はじめに
みなさん、こんにちは。本野鳥子です。歴史関係を読むと言ったそばから申し訳ないのですが、今回ご紹介するのは、「ソロモンの指輪」です。動物行動学の名著ですね。どうがんばっても歴史には分類できません。すいませんが、少々お付き合いください。
「ソロモンの指輪」コンラート・ローレンツ
動物行動学者の、コンラート・ローレンツが綴る、愛すべき動物たちの生態。ユーモアあふれる語り口と、動物たちの一見おかしくとも、その実、深い理由が隠された行動に、微笑みを誘われる。
人間というのは、総じてどこかに、自分たちは他の動物よりも高尚な生物だ、などという優越感を抱いているのだろう。この本を読むと、そんな意識が、綺麗に拭われる。たとえば、コクマルガラスの“賢さ”には、舌を巻く。彼らが恋に落ちる描写は、人間の愛さながらだ。オウムは、毛糸を抱えて木に巻き付けるといういたずらを披露する。豊かで不思議な動物たちの行動は、自然の神秘を教えてくれた。

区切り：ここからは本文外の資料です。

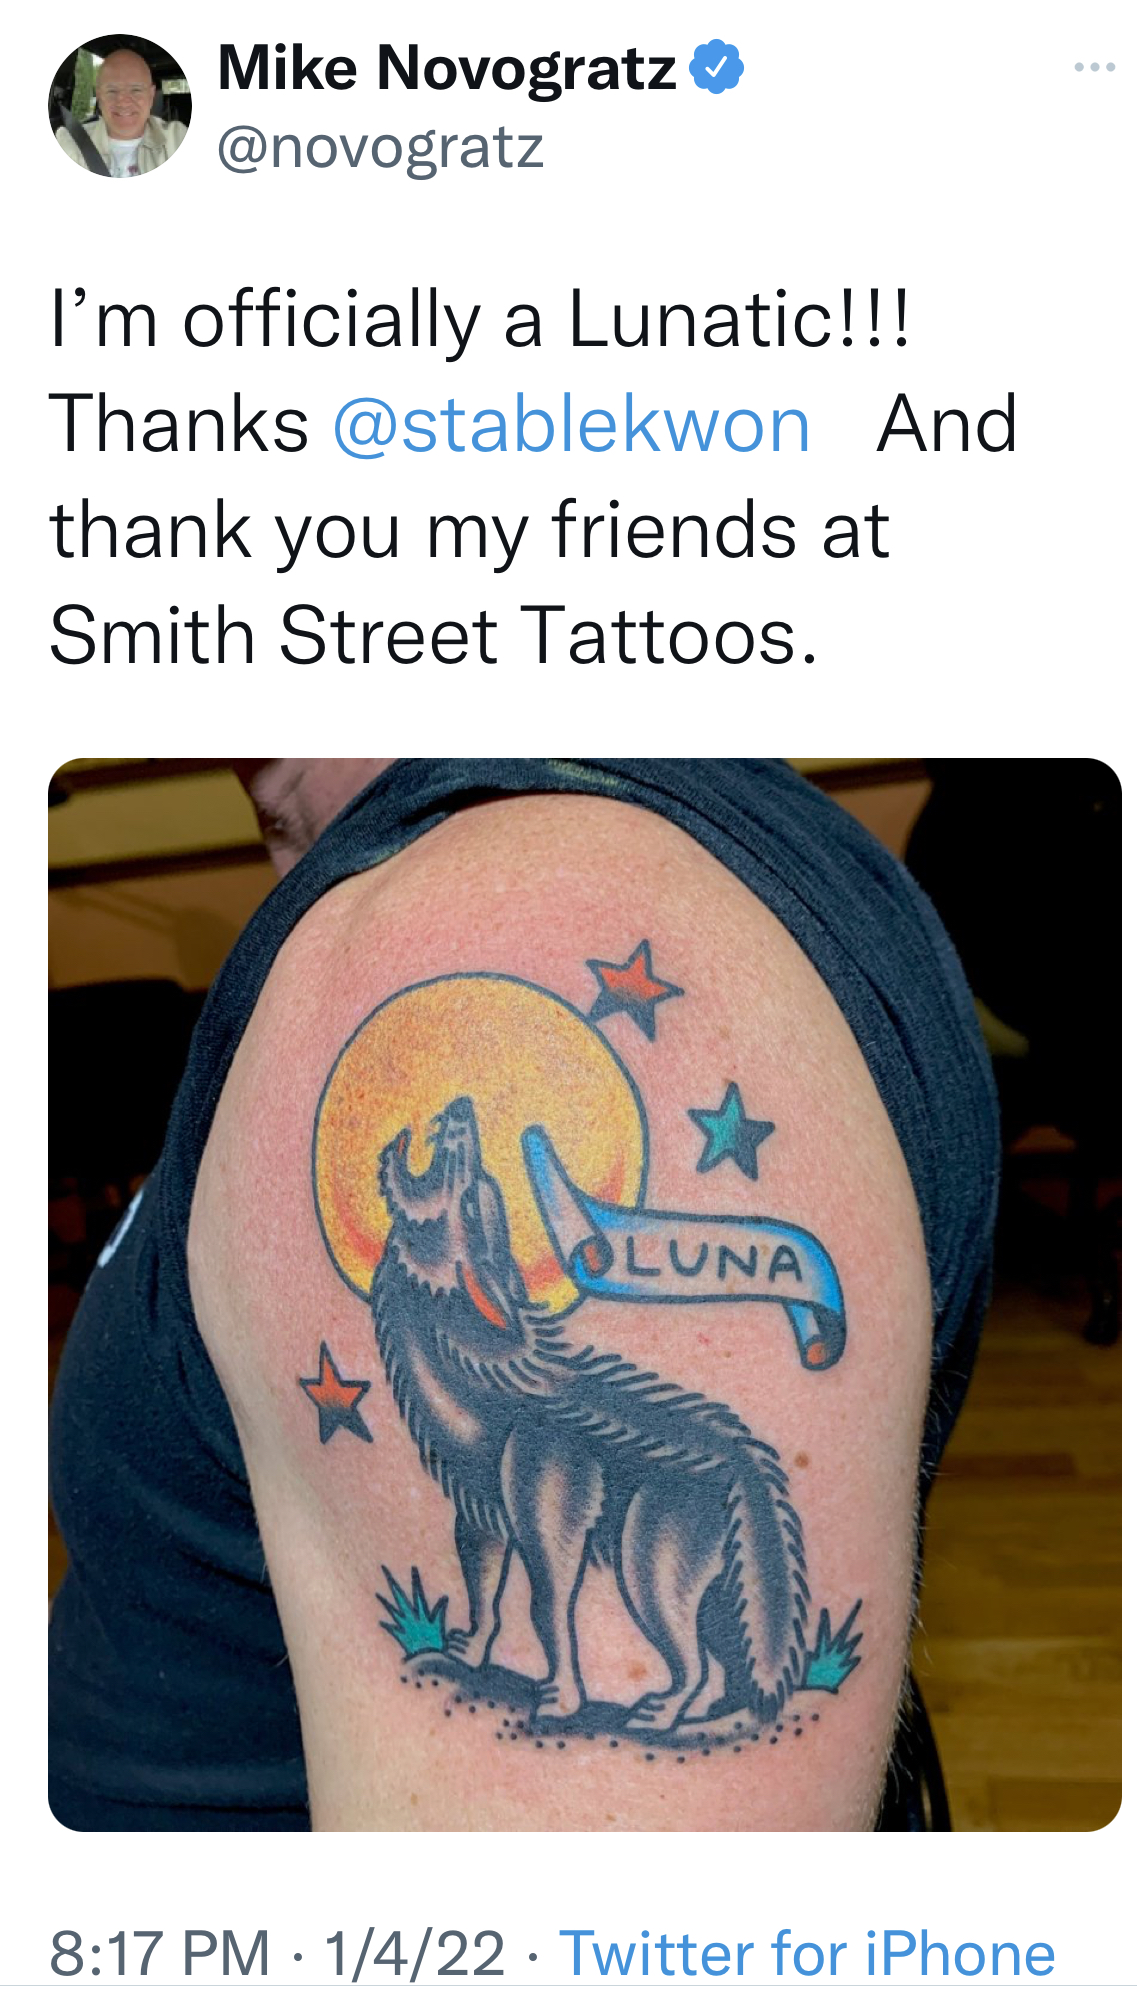 Crypto Investing Mike Novogratz and the Curse of the Luna Tattoo   Bloomberg

ところで私は柴犬が好きで、愛想がないようでいて、本当は飼い主のことが大好きな彼らに相手をしてもらいたい一心だ。柴犬は、著者の分類するところによれば、おそらくオオカミ犬の分類に入るのだろう。柴犬の生態を思いかえしながら、著者が犬について語っているところを眺めると、笑みがこぼれる。
そんな動物たちだが、相手を傷つけるのに足る武器を持つ肉食獣や猛禽類は、同類を殺さないようにブレーキを持っているという話は、興味深い。互いを瀕死の状態まで追い込むウサギやハトの描写には、目も当てられなかった。そして、
自分の体とは無関係に発達した武器をもつ動物が、たった一ついる。したがってこの動物が生まれつきもっている種の行動様式はこの武器の使いかたをまるで知らない。武器相応に強力な抑制は用意されていないのだ。この動物は人間である。
に、思わず背筋が冷えた。確かに、私たちは、お互いを殺す戦争を、歴史の中に重ねてきた。自然が与えてくれる抑制は、私たちの中にない。その恐ろしさが、ウサギやハトの争いを見たあとで迫ってきた。彼らよりも、そして、鋭い牙や爪を持つ肉食獣や猛禽類たちよりも、はるかに殺傷能力の高い武器を私たちは手にしている。それは、刃物に始まり、銃に、爆弾と、数えれば両手に収まらないだろう。著者の警鐘に、耳が痛い。私たちが意思の強さを試される日が来ないことを祈るのみである。
おわりに
というわけで、「ソロモンの指輪」の感想でした。「海の都の物語1」の続きは、今日か明日くらいには届くので、次は「海の都の物語2」か、もしその前に「王妃の離婚」(佐藤賢一)が読み終われば、それについてになると思います。お楽しみに!